__Provided data__.
—————
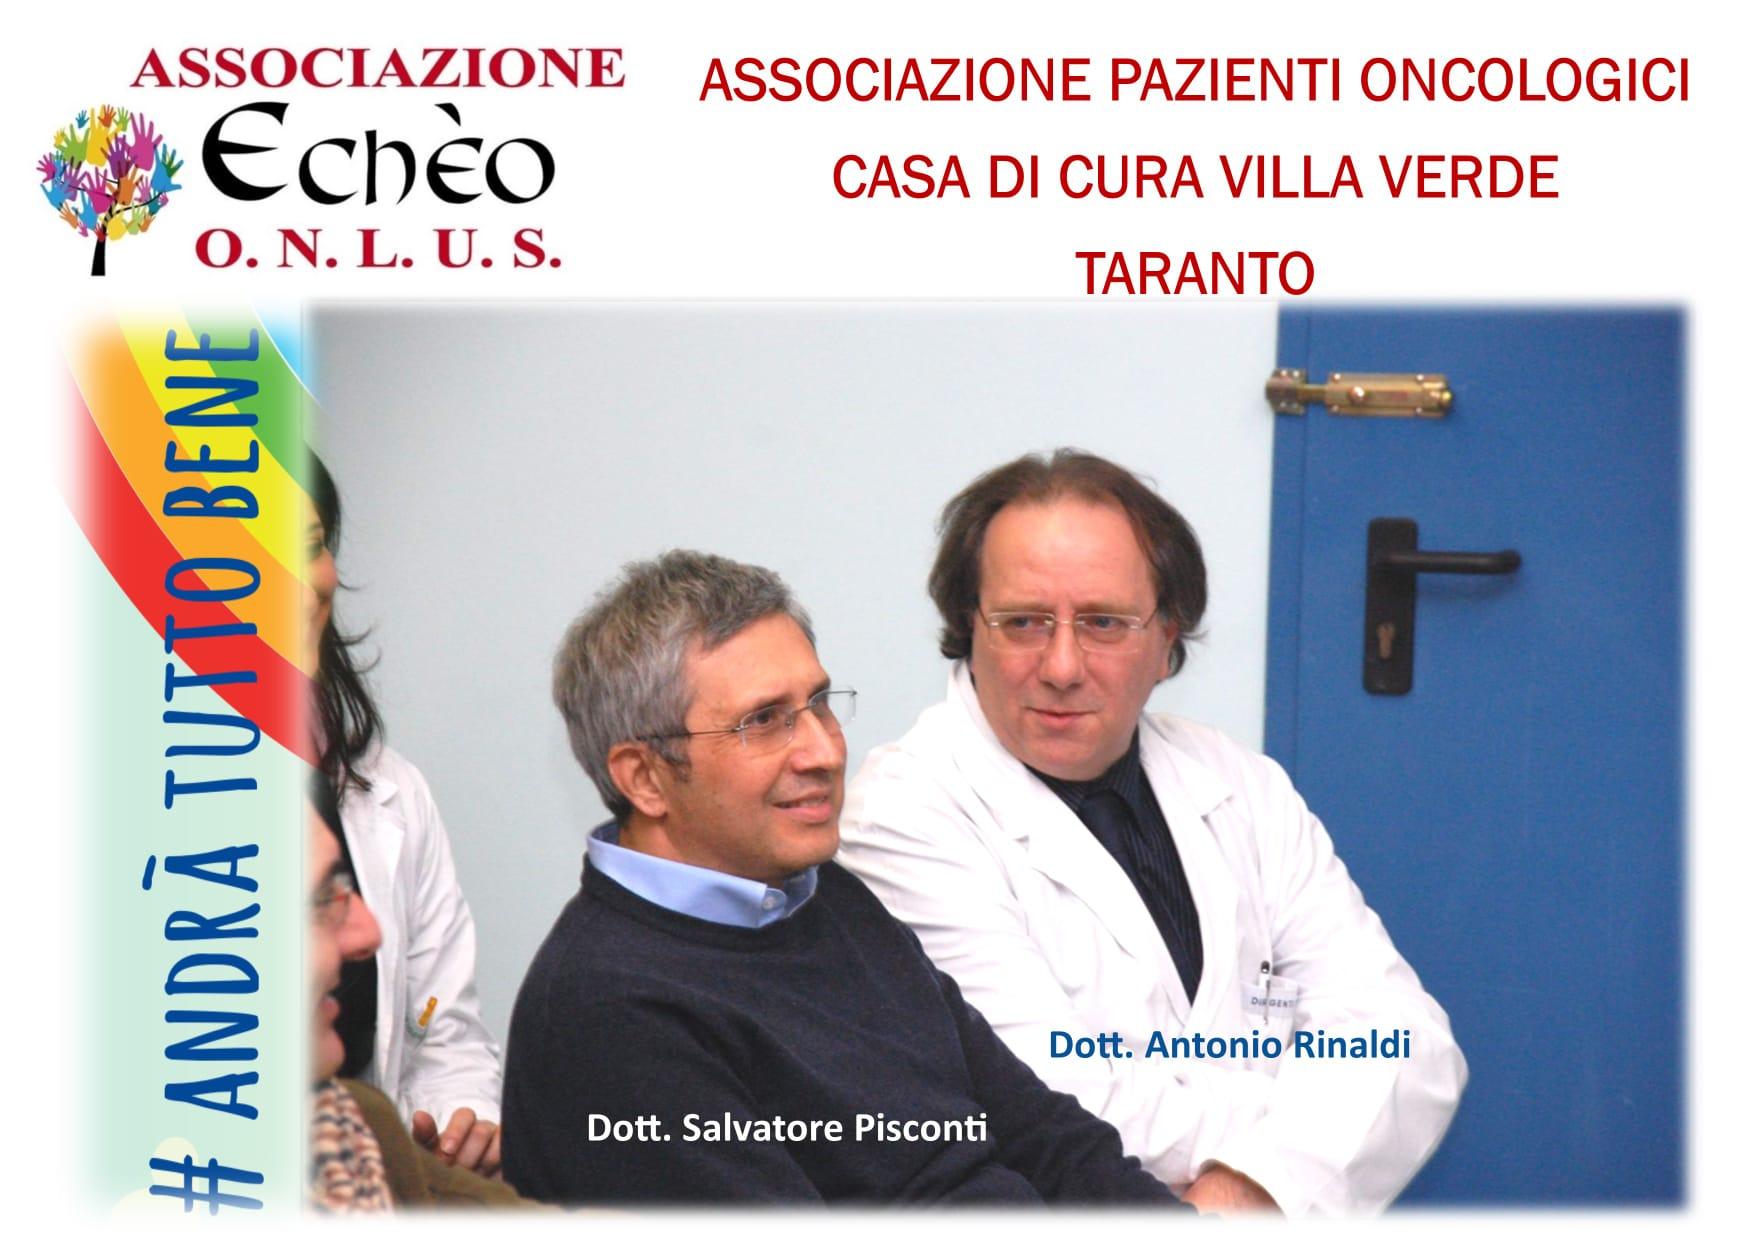 ASSOCIAZIONE PAZIENTI ONCOLOGICI CASA DI CURA VILLA VERDE, TARANTO
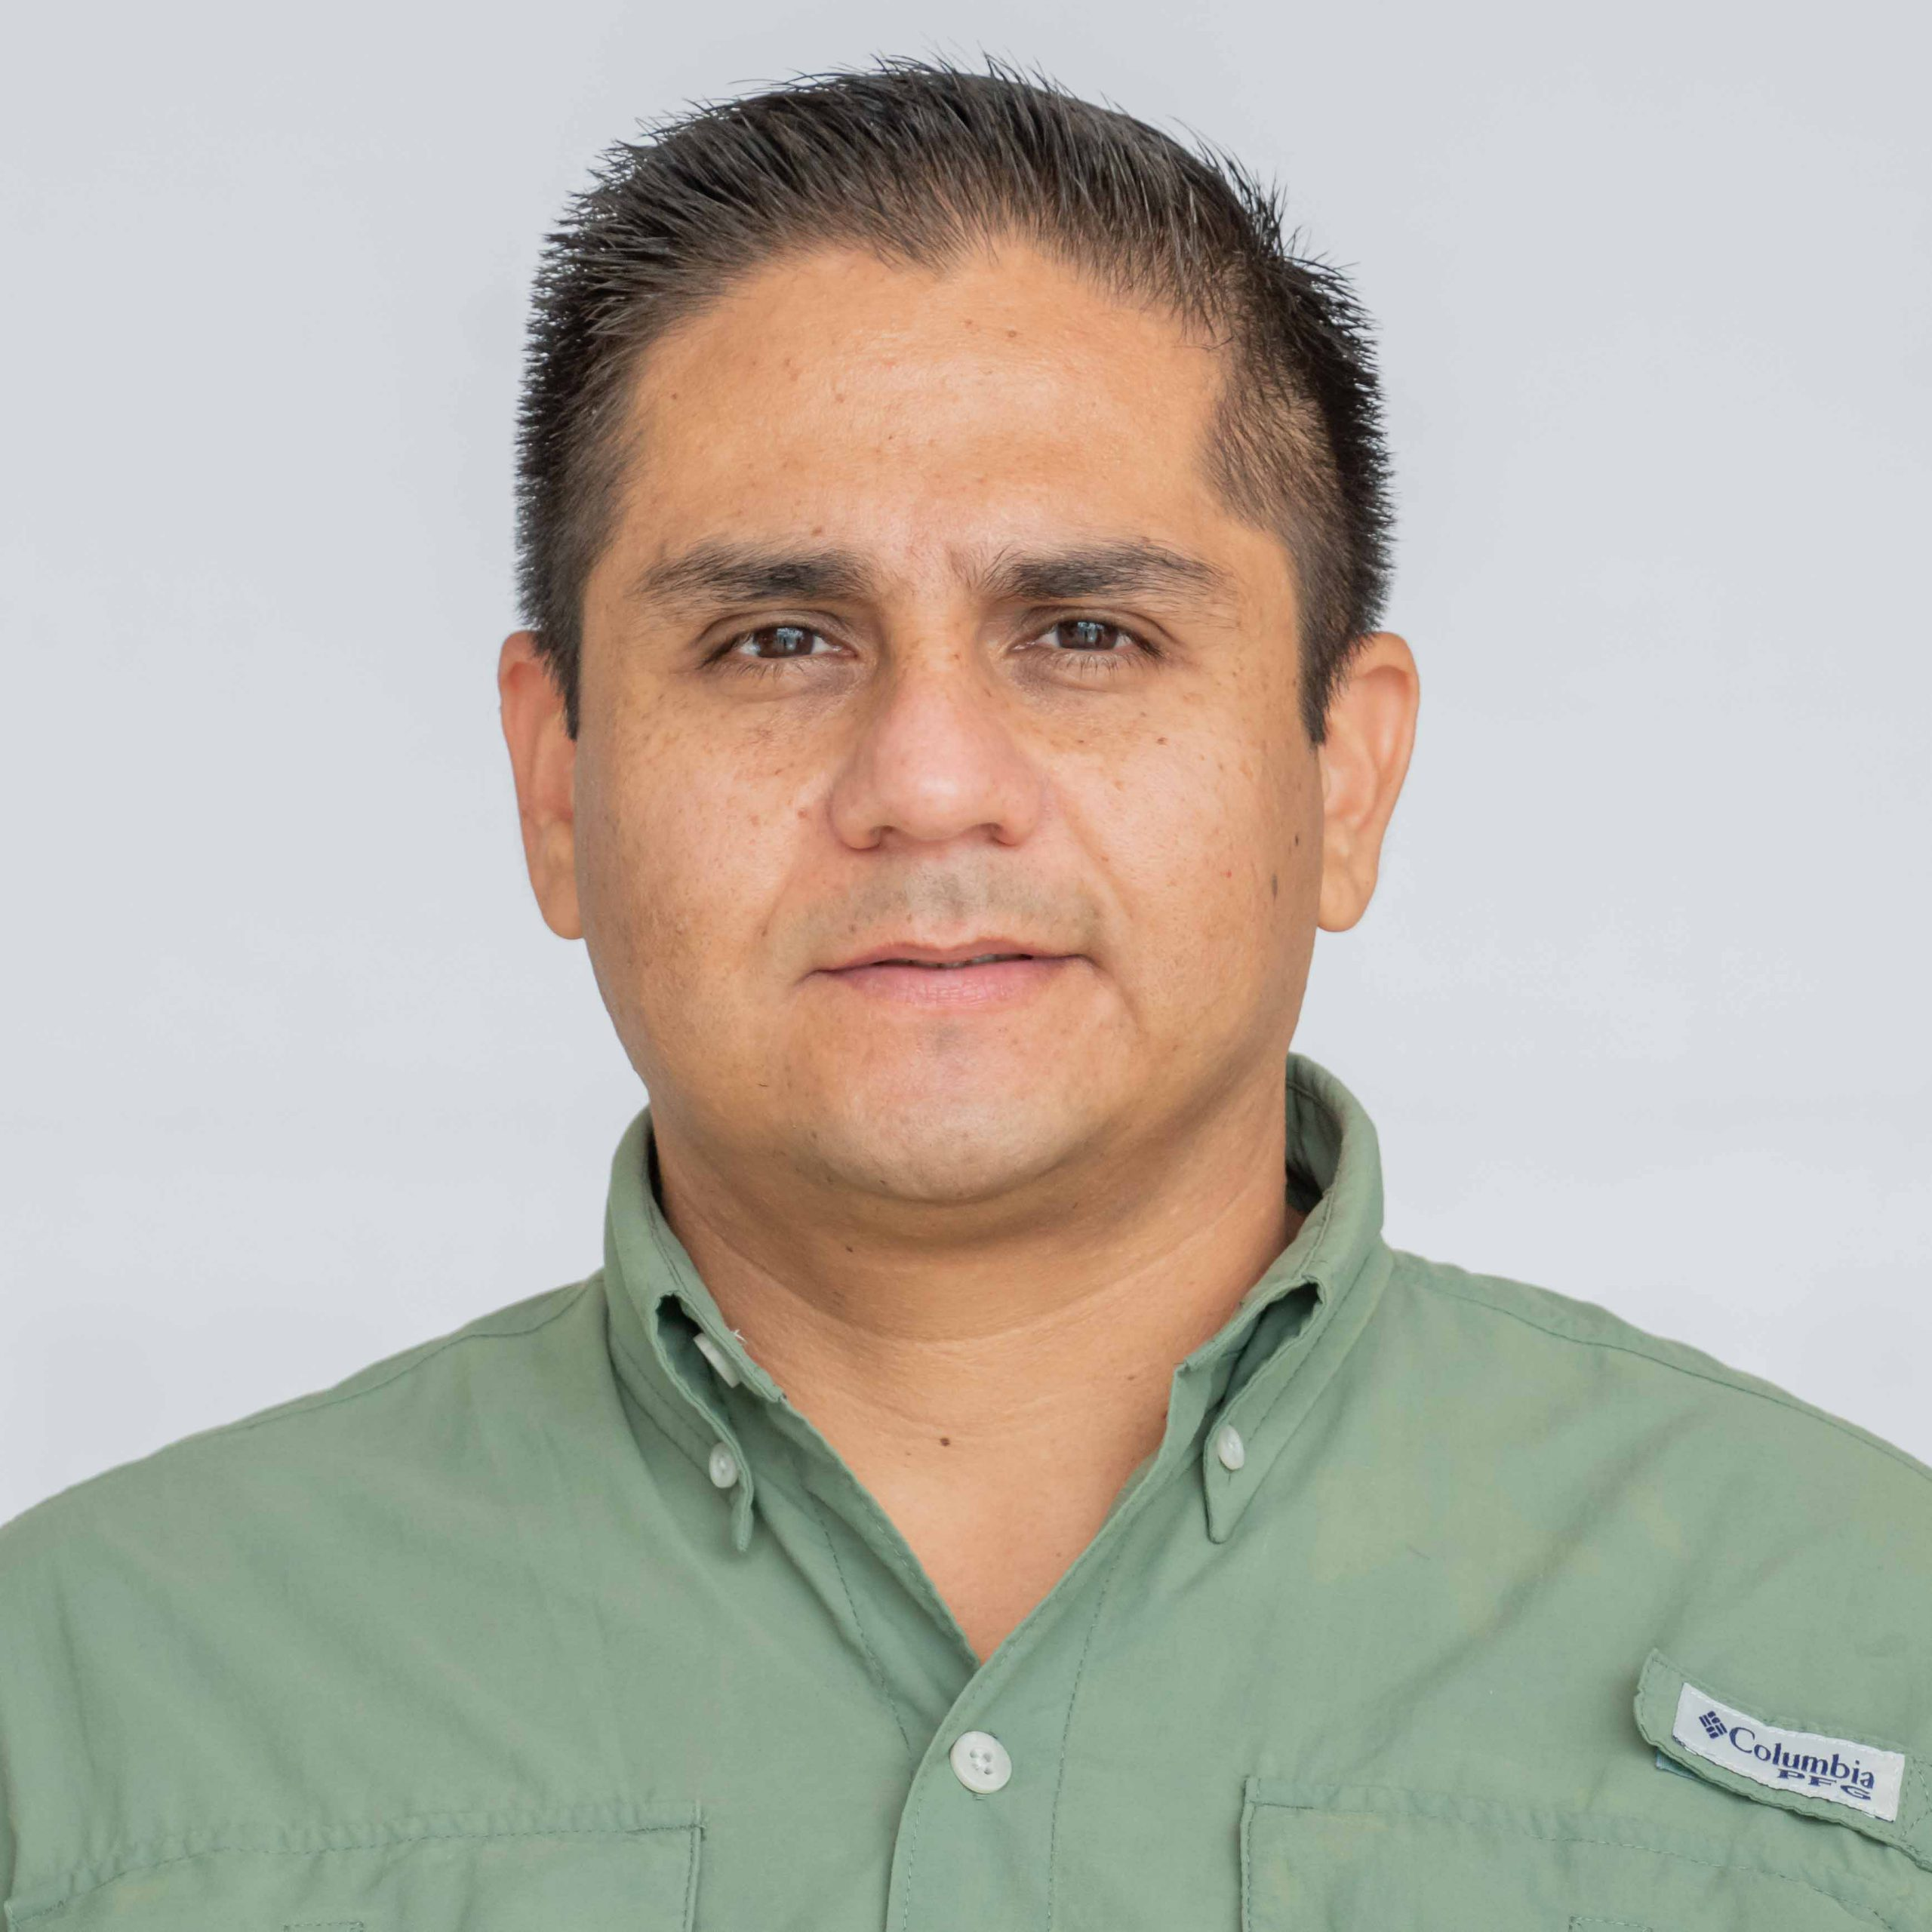 https://congresogro.gob.mx/63/inicio/wp-content/uploads/2021/09/joaquin-badillo-scaled.jpg
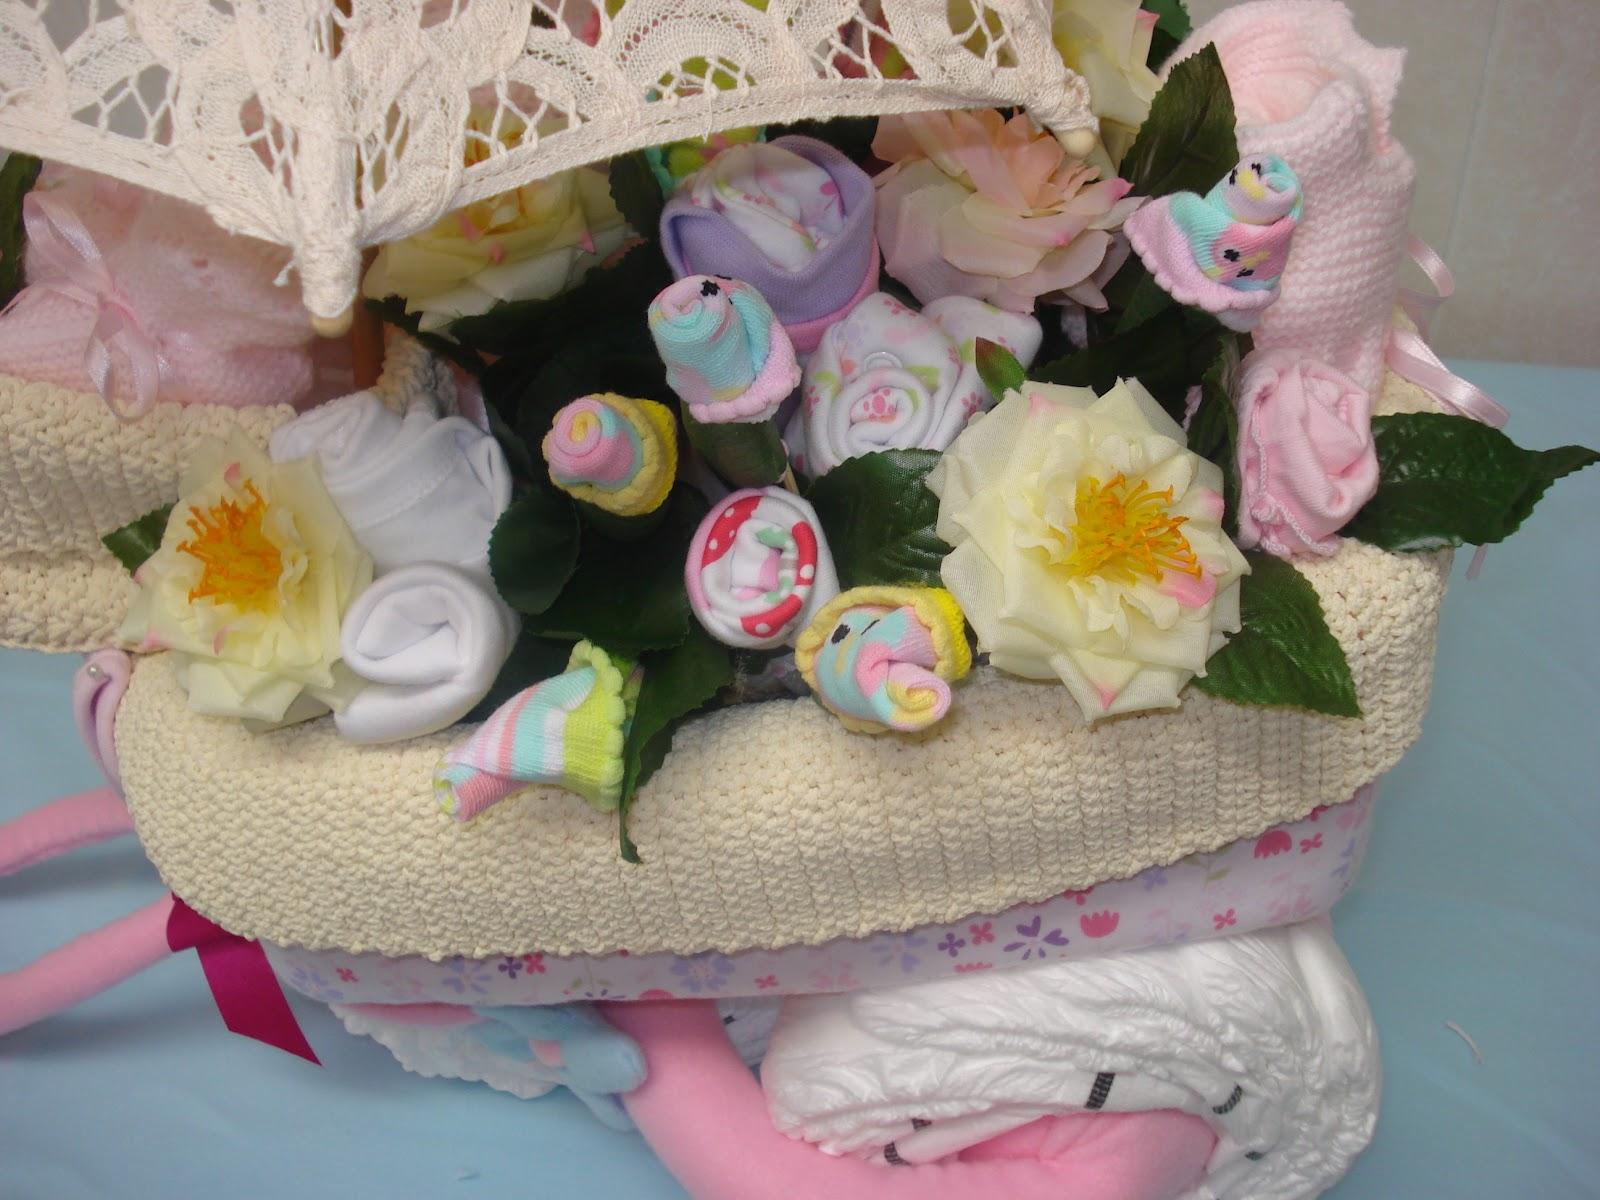 58345223a8ca CosasdeMarina | Regalos con pañales, detalles para bebes: Carrito de ...
—————
__What to do__.
What you give back must be the data above, reproduced exactly and free of pictures.

__Answer box__.
 ASSOCIAZIONE PAZIENTI ONCOLOGICI CASA DI CURA VILLA VERDE, TARANTO
 https://congresogro.gob.mx/63/inicio/wp-content/uploads/2021/09/joaquin-badillo-scaled.jpg
 58345223a8ca CosasdeMarina | Regalos con pañales, detalles para bebes: Carrito de ...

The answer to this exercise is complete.